▶ **Assignment**
In the data below, begin at the line with "To Further This" and stop after the line with "logstash 安装 csv codec 插件"; output those lines exactly and no pictures.

▶ **Supplied material**

• • • •

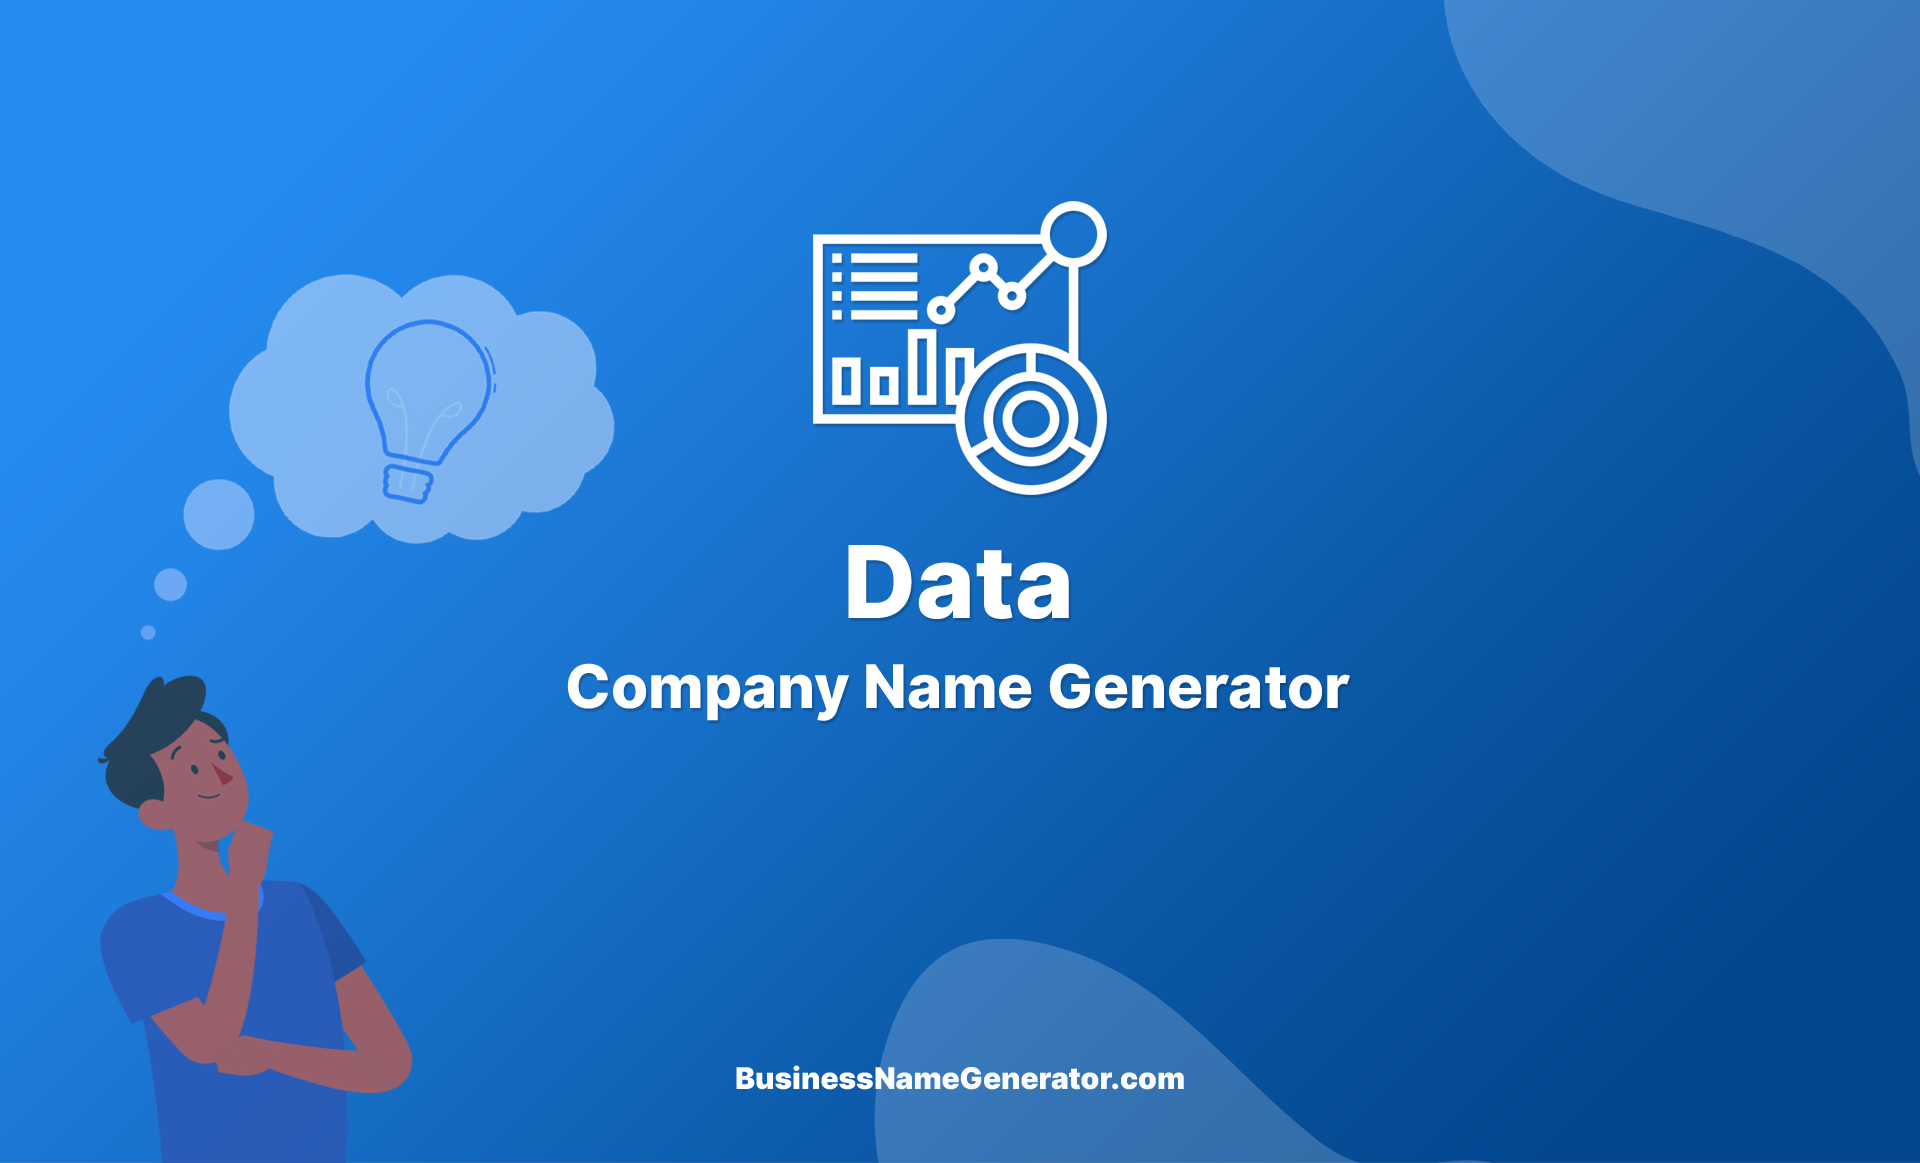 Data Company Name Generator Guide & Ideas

• • • •

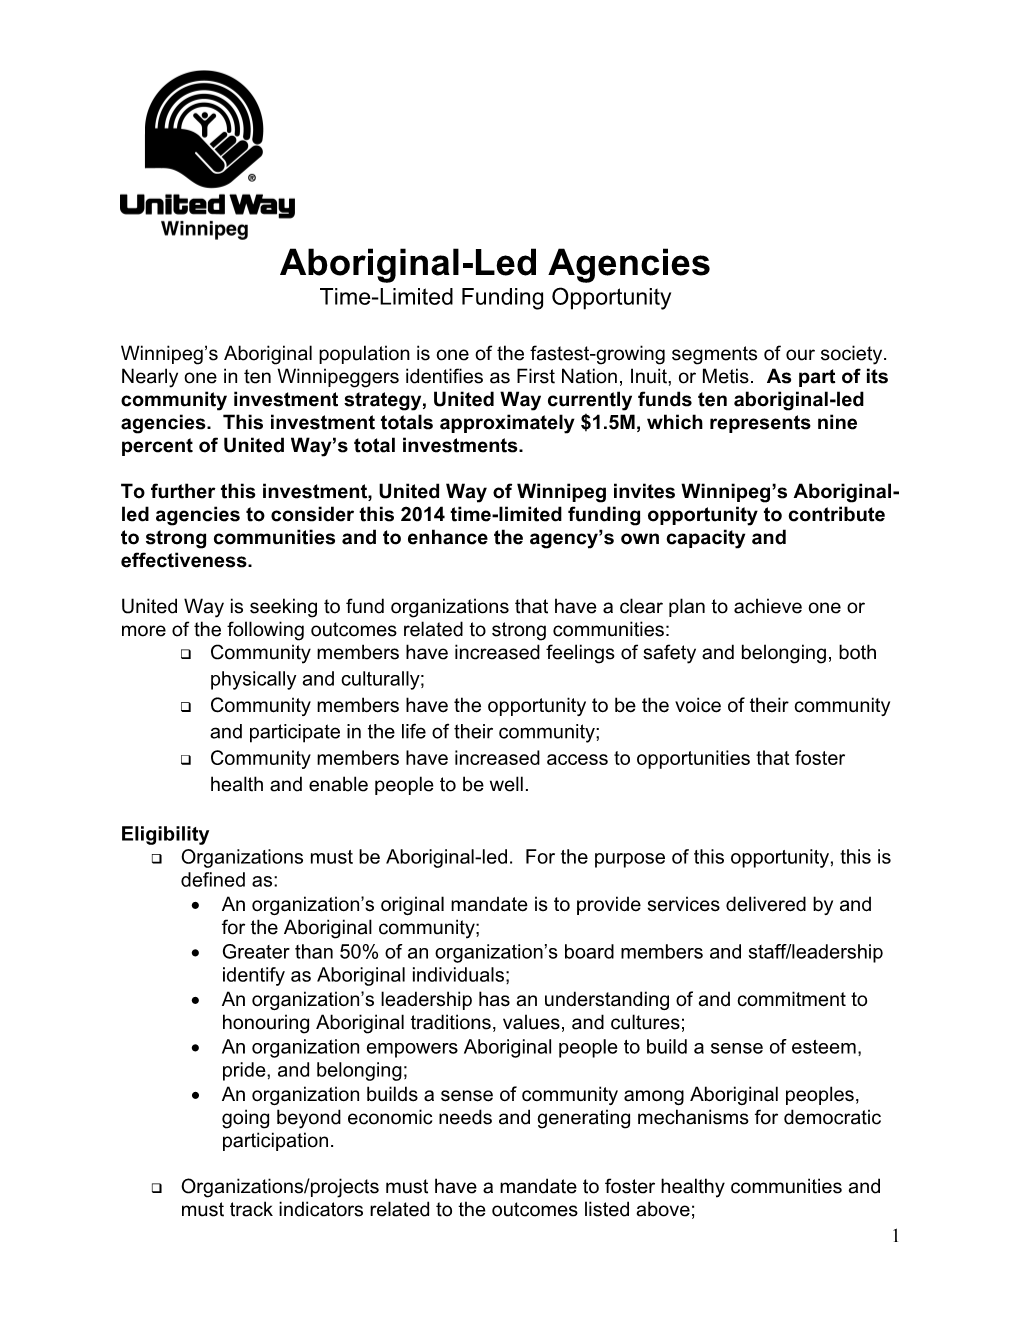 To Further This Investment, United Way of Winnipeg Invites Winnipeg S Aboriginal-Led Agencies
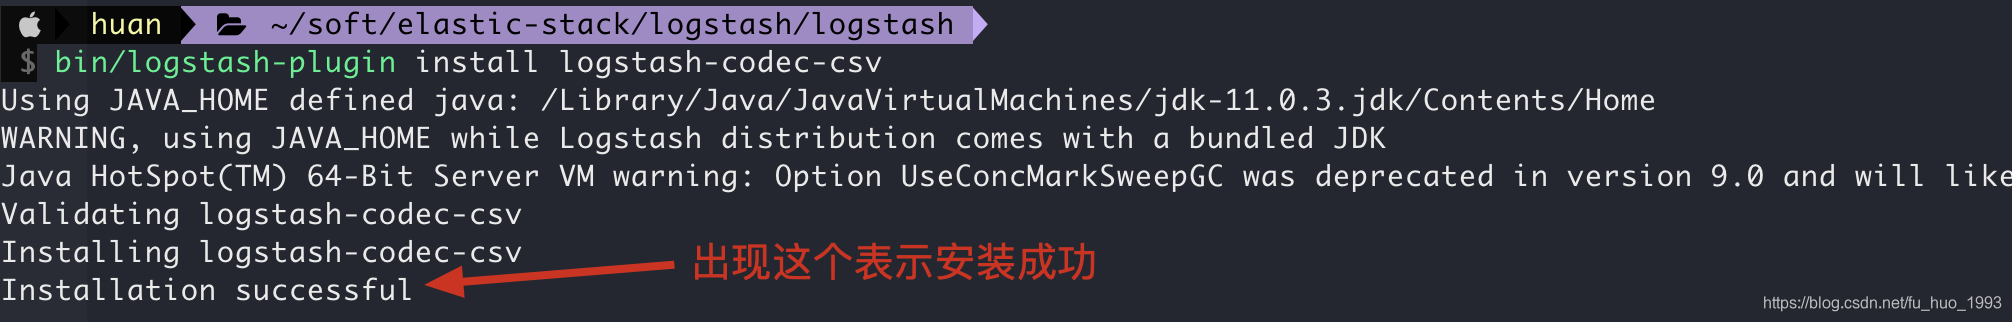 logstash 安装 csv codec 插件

• • • •

▶ **Solution for this task**
 To Further This Investment, United Way of Winnipeg Invites Winnipeg S Aboriginal-Led Agencies
 logstash 安装 csv codec 插件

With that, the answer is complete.